Re: [PATCH] Bpf Helper Function BPF_FUNC_skb_change_dsfield

Maciej Żenczykowski <maze@xxxxxxxxxx> · Tue, 21 Dec 2021 14:13:04 -0800

On Tue, Dec 21, 2021 at 1:52 PM Martin KaFai Lau <kafai@xxxxxx> wrote:
> On Tue, Dec 21, 2021 at 11:46:40AM -0800, Maciej Żenczykowski wrote:
> > On Tue, Dec 21, 2021 at 11:16 AM Tyler Wear (QUIC)
> > <quic_twear@xxxxxxxxxxx> wrote:
> > > > On Mon, Dec 20, 2021 at 07:18:42PM -0800, Yonghong Song wrote:
> > > > > On 12/20/21 12:40 PM, Tyler Wear wrote:
> > > > > > New bpf helper function BPF_FUNC_skb_change_dsfield "int
> > > > > > bpf_skb_change_dsfield(struct sk_buff *skb, u8 mask, u8 value)".
> > > > > > BPF_PROG_TYPE_CGROUP_SKB typed bpf_prog which currently can be
> > > > > > attached to the ingress and egress path. The helper is needed
> > > > > > because this type of bpf_prog cannot modify the skb directly.
> > > > > >
> > > > > > Used by a bpf_prog to specify DS field values on egress or ingress.
> > > > >
> > > > > Maybe you can expand a little bit here for your use case?
> > > > > I know DS field might help but a description of your actual use case
> > > > > will make adding this helper more compelling.
> > > > +1.  More details on the use case is needed.
> > > > Also, having an individual helper for each particular header field is too specific.
> > > >
> > > > For egress, there is bpf_setsockopt() for IP_TOS and IPV6_TCLASS and it can be called in other cgroup hooks. e.g.
> > > > BPF_PROG_TYPE_SOCK_OPS during tcp ESTABLISHED event.
> > > > There is an example in tools/testing/selftests/bpf/progs/test_tcpbpf_kern.c.
> > > > Is it enough for egress?
> > >
> > > Using bpf_setsockopt() has 2 issues: 1) it changes the userspace visible state 2) won't work with udp sendmsg cmsg
> >
> > Right, so to clarify since I've been working with Tyler on a project
> > of which this patch is a small component.
> > Note, I may be wrong here, I don't fully understand how all of this
> > works... but:
> >
> > ad 1) AFAIK if bpf calls bpf_setsockopt on the socket in question,
> > then userspace's view of the socket settings via
> > getsockopt(IP_TOS/IPV6_TCLASS) will also be affected - this may be
> > undesirable (it's technically userspace visible change in behaviour
> > and could, as unlikely as it is, lead to application misbehaviour).
> > This can be worked around via also overriding getsockopt/setsockopt
> > with bpf, but then you need to store the value to return to userspace
> > somewhere... AFAICT it all ends up being pretty ugly and very complex.
> CGROUP_(SET|GET)SOCKOPT is created for that.
> The user's value can be stored in bpf_sk_storage.

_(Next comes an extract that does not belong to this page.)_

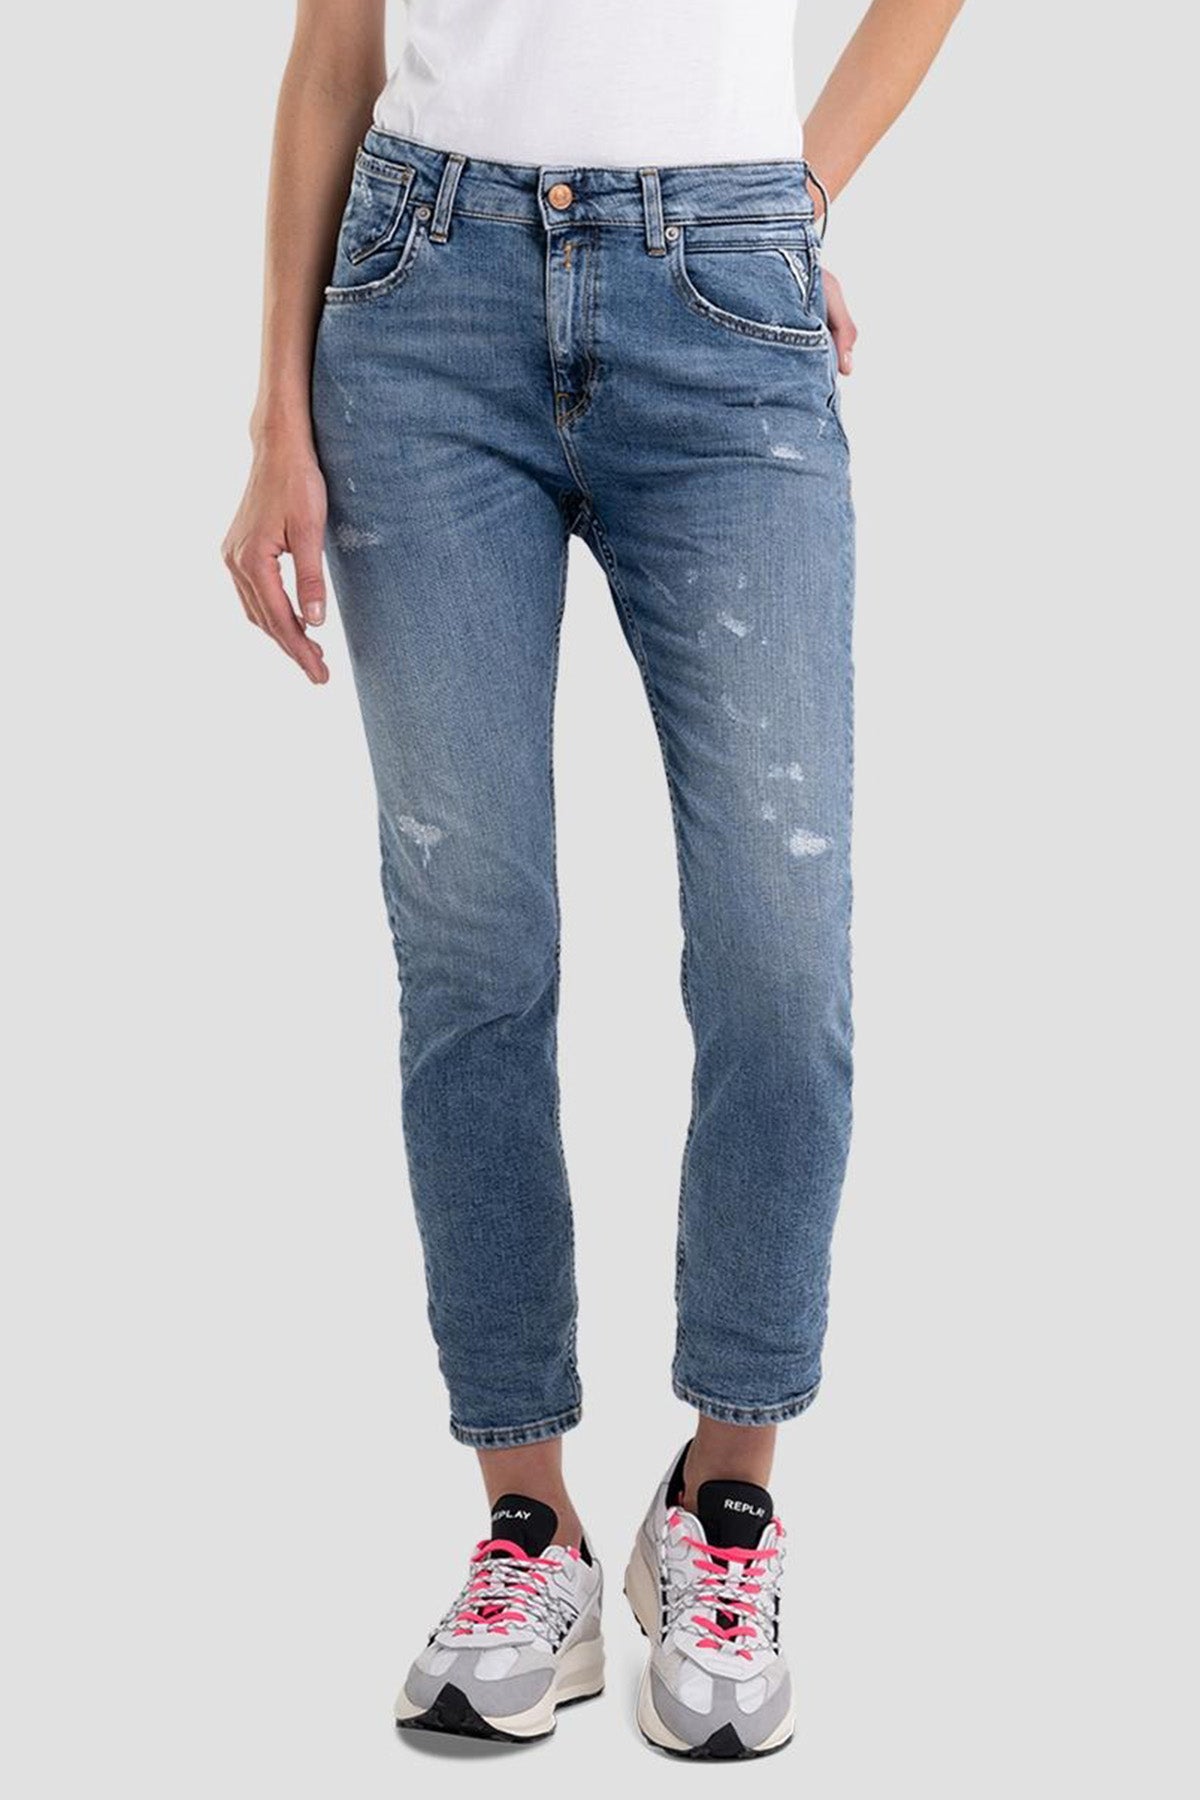 Replay Marty Slim Boyfit Jeans-Libas Trendy Fashion Store

Yes, it can be done, it's very complex to do so.

The policy can change during run time (indeed that's probably a
relatively likely situation,
network gear notices a new high bandwidth connection and provides out
of band feedback
that it should be using a different dscp code point - we probably
don't want the full policy to
be present in the device because it might be a huge number of entries,
with wildcards).

> > I wouldn't be worried about needing to override each individual field,
> > as the only other field that looks likely to be potentially beneficial
> > to override would be the ipv6 flowlabel.
> >
> > ad 2) I don't think the bpf_setsockopt(IP_TOS/IPV6_TCLASS) approach
> > works for packets generated via udp sendmsg where cmsg is being used
> > to set tos.
> There is CGROUP_UDP[4|6]_SENDMSG.  Right now, it can only change the addr.
> tos/tclass support could be added.

It could, that doesn't seem easier to do than this approach though.

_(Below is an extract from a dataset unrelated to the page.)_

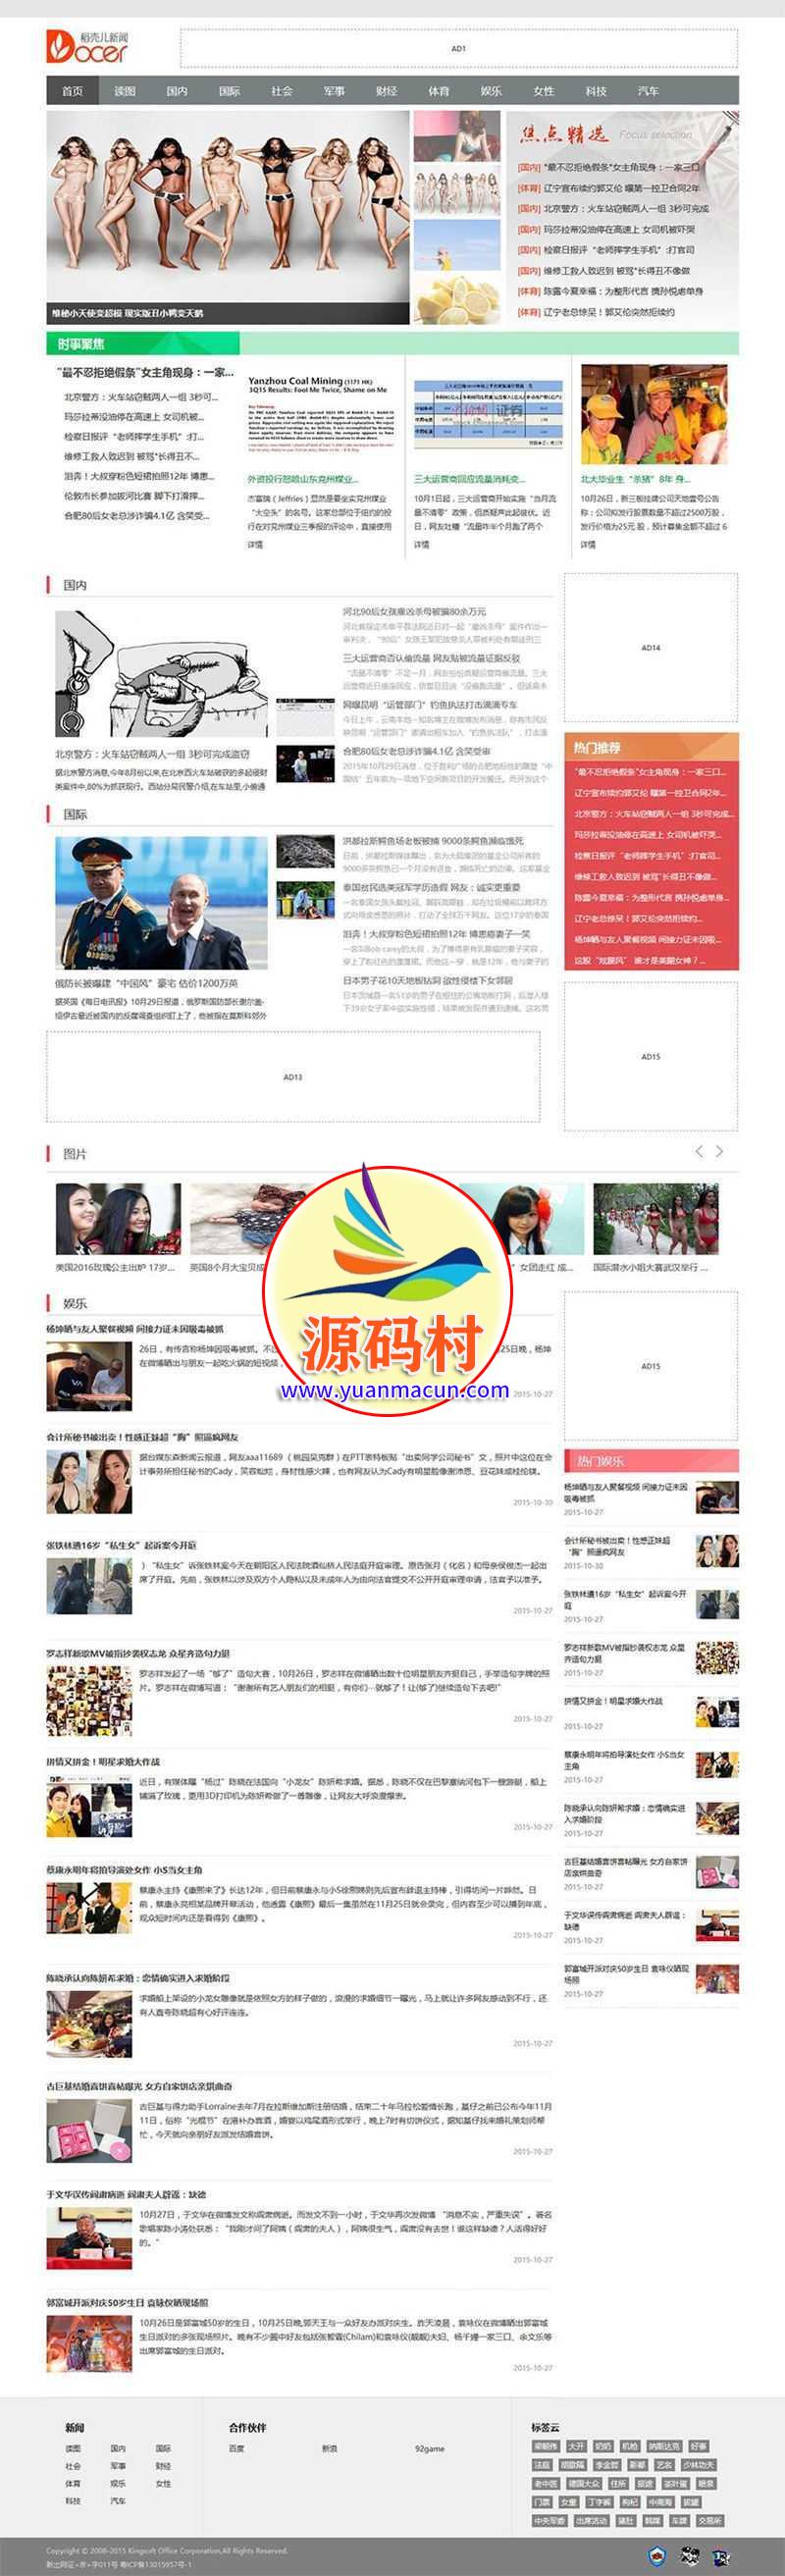  92kaifa精仿《稻壳新闻》新闻资讯帝国CMS网站模板

> > 3) I also think the bpf_setsockopt(IP_TOS/IPV6_TCLASS) might be too
> > late, since it would be in response to an already built packet, and
> > would thus presumably only take effect on the next packet, and not for
> > this one, no?
> The bpf_setsockopt can be called in bind and connect.
> Is it not early enough?

It depends, it's actually too early in some cases.  The information
may come post connect.

Worst case the actual dscp marking to use could potentially even be
dynamic, for example tcp pure acks
should use one value, while tcp data packets another (not saying this
is a good idea,
but I've seen hw implementations of pure ack prioritization...)

> > Technically this could be done by attaching the programs to tc egress
> > instead of the cgroup hook, but then it's per interface, which is
> > potentially the wrong granularity...

> Right, there is advantage to do it at higher layer,
> and earlier also.
>
> If the tos/tclass value can be changed early on, the correct
> ip[6] header can be written at the beginning instead
> of redoing it later and need to worry about the skb_clone_writable(),
> rewriting it, do iph->check..etc.

I would indeed like it if we could decouple what userspace wants,
from what the kernel/network actually uses.  There would need to be
some sort of bpf hook,
that takes a socket/flow and returns the tos/dscp to actually use
(based on 5-tuple and other information).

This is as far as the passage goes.